See also #7077 for a previous description.

Planning: Modernizing F# Analysis

This note describes the technical agenda to "modernize" the FCS analysis services to use best-known techniques from Roslyn.

Executive summary

The core of the plan is to adopt a more Roslyn-like model of analysis, based on

  1. Immutable snapshots of the contents of documents and projects

  2. Immutable views of their enrichment with analysis information

  3. A cacheless compiler-service API

In the long term this agenda delivers multiple critical benefits:

  1. High-performance multi-threaded analysis

  2. A more reliable basis for implementing multiple IDE features, including cross-file refactorings and analysis

  3. Alows features "in-memory documents" and "in-memory cross-project references to C#", simplifying the user experience of using F# in Visual Studio.

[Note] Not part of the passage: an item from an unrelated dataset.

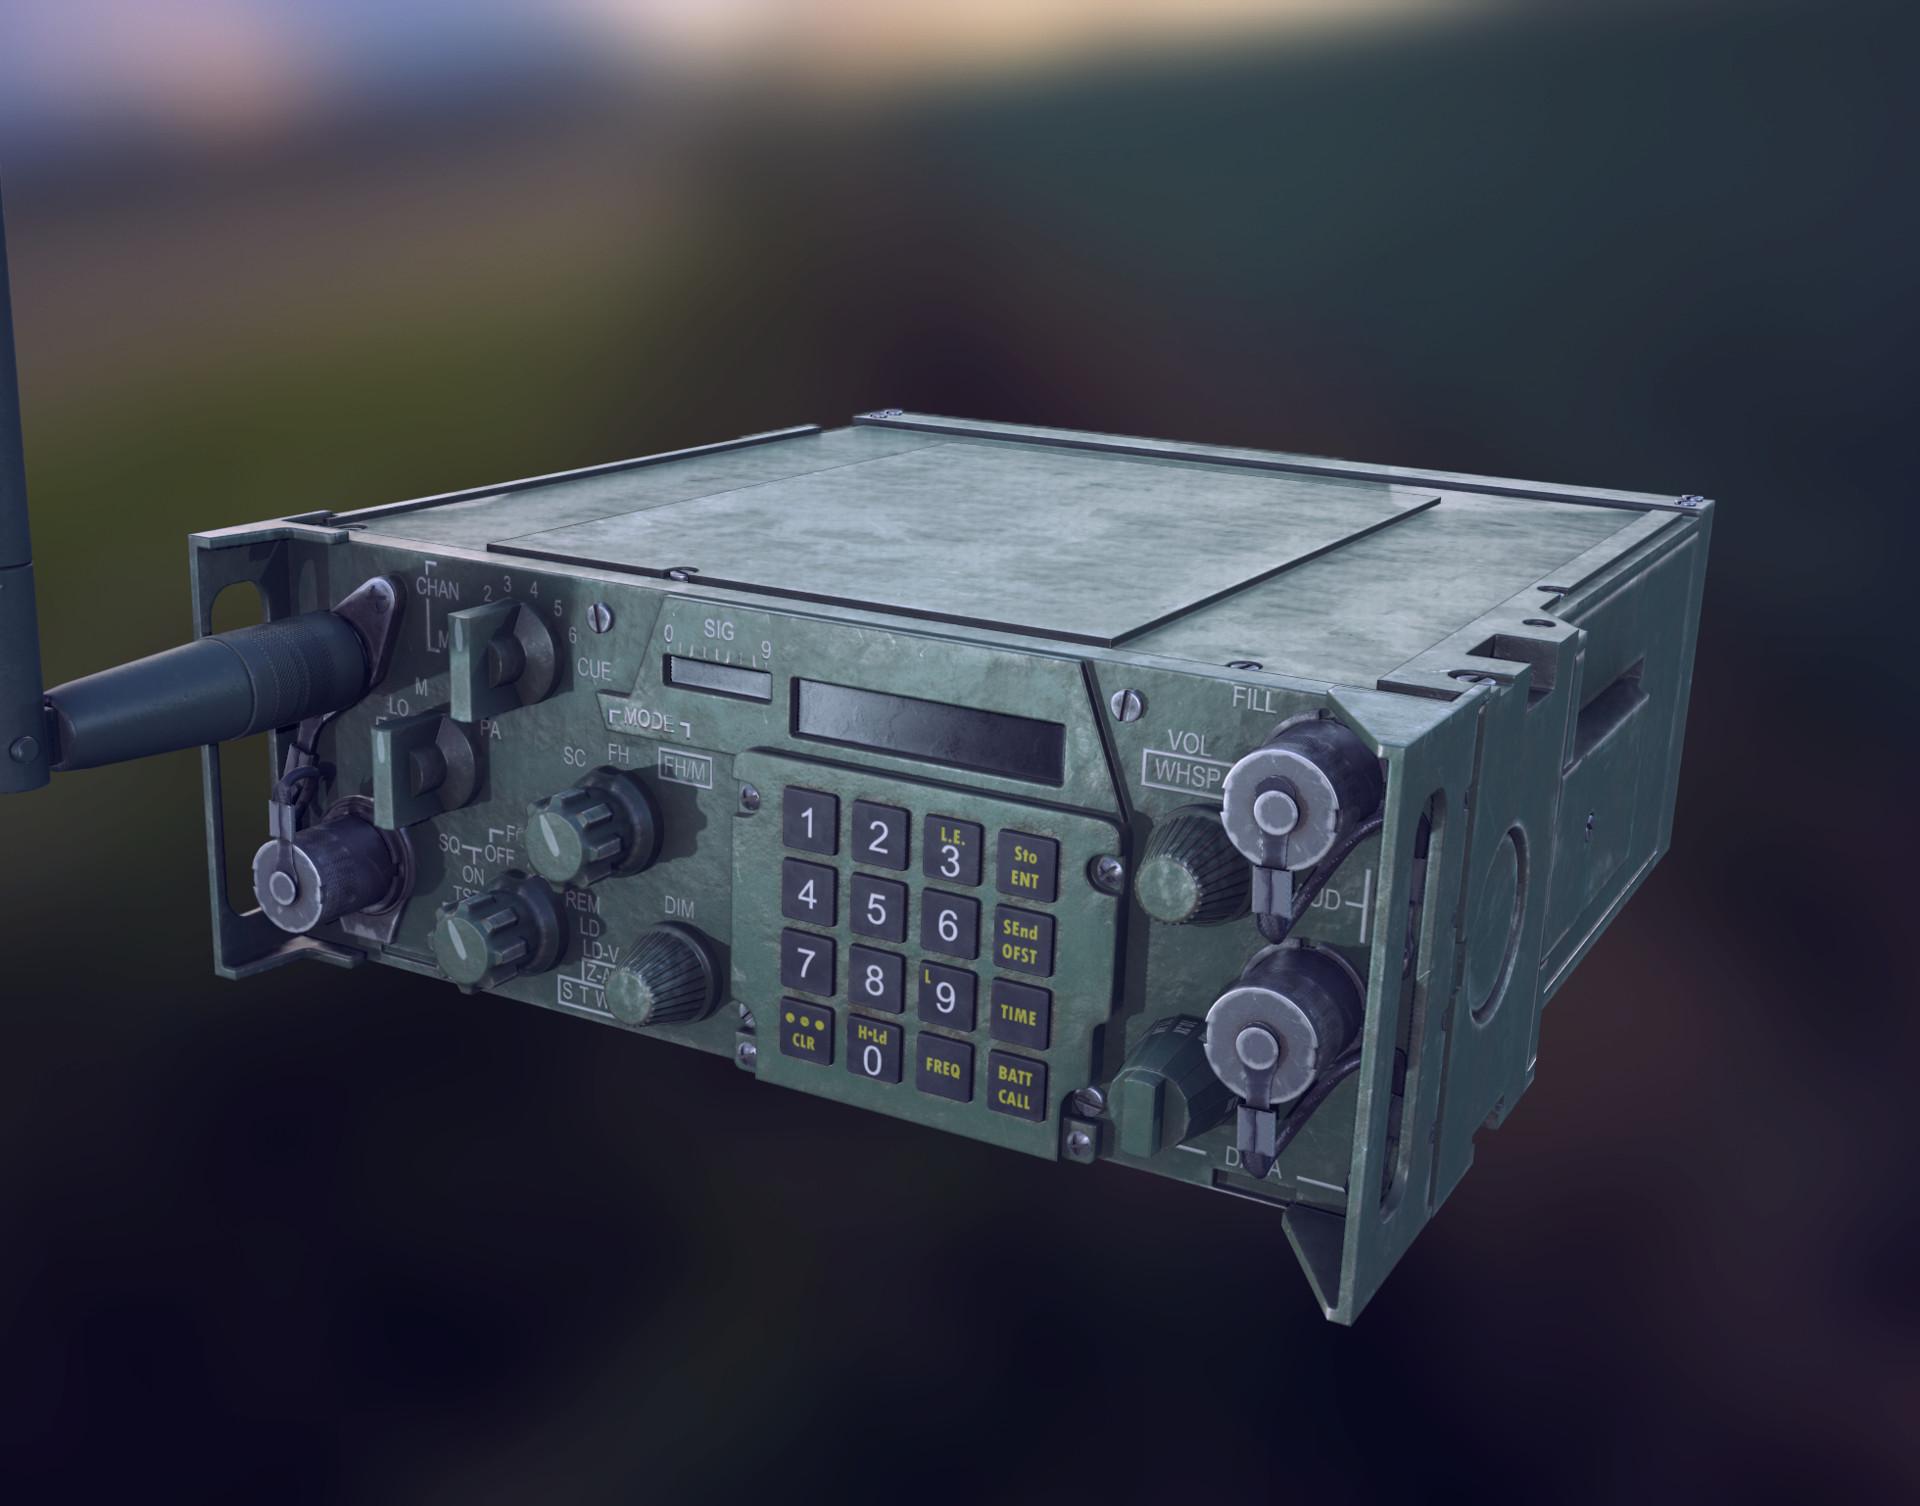 ArtStation - PRC 119 Military Radio, Nick Barone

  4. It aligns F# with the architectural principles of Roslyn, allowing contributors to transfer experience between the two

  5. Looking forward, gives a strong basis for reliably make F# analysis more incremental w.r.t. incremental changes in inputs.

  6. Looking forward, gives a strong basis for reliably building a simple, reliable "out-of-proc" LSP implementation for F# following Roslyn design principles.

  7. Our compiler testing framework can be simplified; it will not read files on disk in order to run a test that verifies parsing and type-checking behavior.

The Current Situation and why it's a Problem

FCS provides services to compute analysis information from inputs. For the current API, some of these inputs are filenames, and so FCS relies in part on the state of the file system, which is highly mutable state and is highly problematic.

Specifically, when requesting the analysis of a file in a project (e.g. for a refactoring or a tooltip), the state of the current file is captured as a "snapshot", but the state of other files in the project is accessed via the file system as the analysis proceeds. This causes four problems:

A. The state of these files as saved on disk may have changed in-between

B. Differences between the saved and unsaved contents of in-memory buffers in the IDE.

C. It is extremely error-prone to implement incremental updates to analysis w.r.t. incremental changes in input

Additionally, FCS had two other major problems:

D. FCS is stateful and implements multiple kinds of caching for parsing and analysis

E. FCS was single-threaded, with a "reactor thread" compilation lock

Problem A leads to:

  1. Repeated polling checks on timestamps of files whenever checking for validity of the results

  2. Is a very frequent cause of bugs (BUG LINKS)

Problem B leads to:

  1. Confusion for the user who doesn't understand that prior files must be saved.

  2. Double type-checking of open files in a project when a change is made: once as part of the "background" build that is done using on-disk representations, once as part of the "foreground" build in order to get diagnostics for currently open documents. This is not something users perceive, but is a potential overall performance gain we can deliver for large projects.

  3. Unnecessary complexity and distinctions in the FCS API that can makes it difficult to understand what's going - for example, we must document and test the differences between foreground and background checking.

  4. A slew of bugs in cross-file refactorings (LINK LINK), cross-file goto-definition, cross-file tooltips (based on saved, not unsaved contents)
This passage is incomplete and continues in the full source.